America’s seniors are lonely. Study after study has shown us that social isolation among the elderly is reaching epidemic proportions. The CDC has identified loneliness and social isolation in older adults as “serious health risks,” and the COVID-19 pandemic has brought the problem to light in new ways.
Many seniors lack social connections and are separated from family or friends (social isolation). Others may have social interactions but still experience loneliness if those connections aren’t meaningful or satisfying. A recent study from the National Academies of Sciences, Engineering, and Medicine (NASEM) identified one-fourth of seniors 65 and older as socially isolated. Another study showed that 40 percent of seniors experience loneliness. But there are steps we can take–even during COVID– to create and maintain connections.
COVID and the Loneliness Epidemic
While loneliness in seniors is nothing new, COVID has intensified the problem. The pandemic means increased isolation for seniors living at home, changing how they interact with family and friends. The COVID crisis has also increased isolation in long-term care facilities, where socialization was a priority pre-pandemic. Residents are, by necessity, isolated from visitors and fellow residents. The absence of physical touch from family, caregivers and long-term care staff also leaves a hole.
Why Are Seniors Lonely and Isolated?
The CDC has identified numerous factors that contribute to loneliness in seniors. They include:
- Living alone.
- The loss of family or friends. As seniors age, it can be challenging to move forward as friends and family members pass away. The loss of a spouse or partner can dramatically increase the sense of loneliness.

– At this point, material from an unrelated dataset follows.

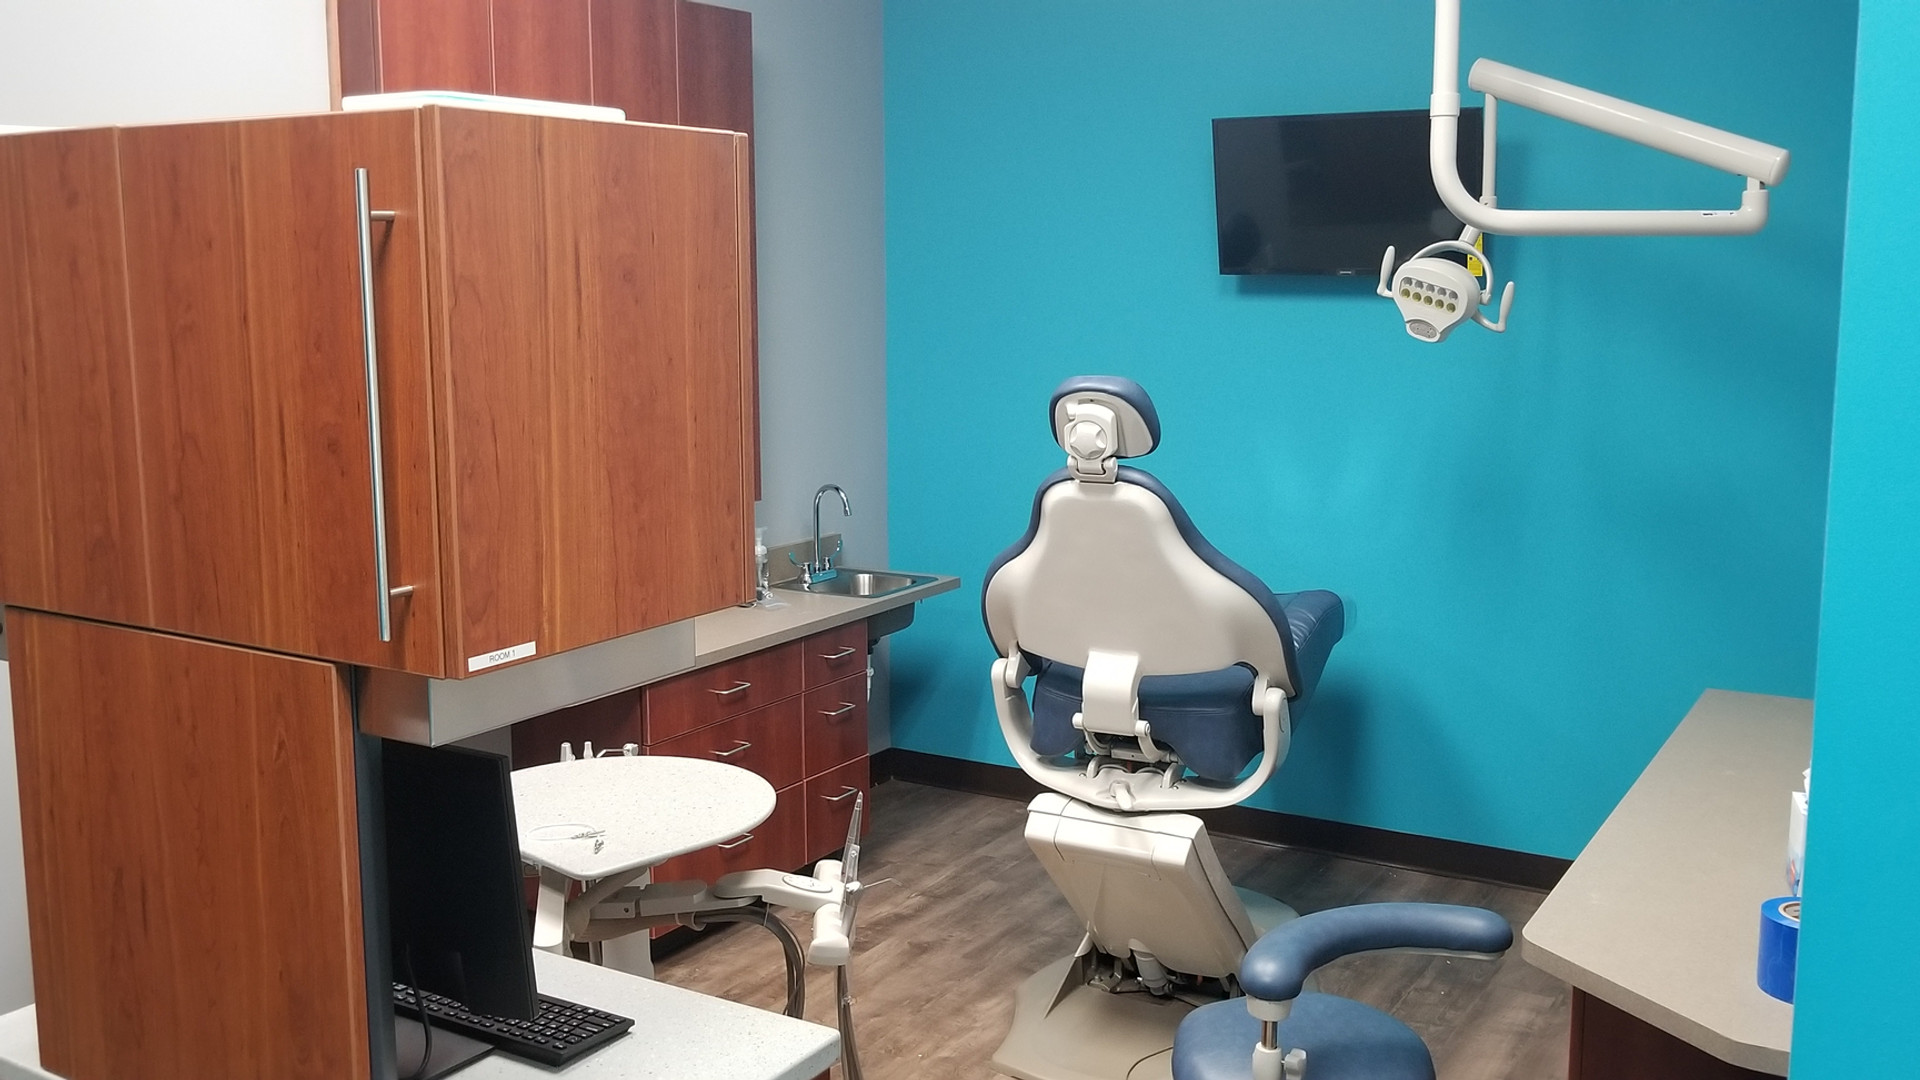 Room for Patients - Buildout Pros

- Chronic illness can limit seniors’ ability to get out and engage in activities. Dementia and Alzheimer’s disease can also create isolation, both for the patient and caregiving spouses.
- Lack of mobility is another obstacle to creating and maintaining connections, limiting activities open to older adults. When seniors lose access to driving, it can further increase their sense of isolation.
- Hearing loss is a sometimes-overlooked cause of social isolation. It can make it frustrating for seniors to be in social settings and make connections more challenging.
How Does Loneliness Affect Health In Seniors?
Loneliness has a dramatic effect on seniors’ mental and physical health. It shortens lifespan and contributes to chronic illness. According to the CDC, some of the documented effects include:
- Increased risk of premature death.
- Increased risk of dementia (up to 50 percent higher).
- Greater risk of heart disease and stroke.
- Risk of depression, anxiety, and suicide.
How Can We Combat Loneliness When Mom or Dad Lives Alone?
While COVID has made creating connections for seniors living alone, there are still ways we can decrease social isolation.
- Reach out to your local Area Agency on Aging. They are an excellent resource for nutrition and meal programs like Meals on Wheels, adult daycare centers, classes, and programming.
- Local senior centers are a terrific way to make friends and create connections. Many are still open during COVID with safety protocols and offer transportation to members who can’t drive.
- Help mom or dad cultivate new hobbies or find interest groups for existing hobbies, including online groups.
- Look into safe volunteering opportunities. Helping others gives seniors a sense of purpose and helps launch friendships and create connections.
- Set up socially distanced visits and make sure all family members (including grandchildren) call regularly.
- Help mom or dad get set up with technology like smartphones and tablets so they can virtually connect with friends and loved ones face to face.
- Make sure primary care physicians are checking for signs of isolation or depression.
How Do Long-Term Care Facilities Work To Keep Seniors Connected?
Under normal circumstances, one of the primary benefits of choosing a long-term care facility is keeping residents surrounded by fellow residents and staff. Pre-COVID, congregate living allowed for lots of daily interactions, including shared meal times and social activities. Of course, the COVID-19 pandemic has changed everything for residents. Physical isolation is essential during these challenging times. Even with most residents now vaccinated, there are infection prevention protocols in place. Restrictions on visitors have separated seniors from family and friends. Staff can’t engage with residents as they normally would, and facilities limit residents’ interactions to prevent outbreaks. However, long-term care facilities continue to work hard to keep residents engaged and connected. Here are some programs that can help alleviate loneliness and isolation,
- Pet programs that bring animals into nursing homes.
- Spending time outdoors.
- Using technology to connect with outside family and fellow residents.
- Continuing religious services, including prayer groups and Bible study. This includes virtual or socially distanced options during COVID.
- Socially distanced activities, including games and crafts.
For many families, choosing a long-term care facility comes with the reassurance that mom or dad has high-quality human interaction and support every day. Hugging may be on hold for now, but at Evergreen Health & Rehab, fostering connections with fellow residents and staff remains a priority. The last year has required facilities to get creative about combating loneliness. But at Evergreen, meaningful connections are still happening every day.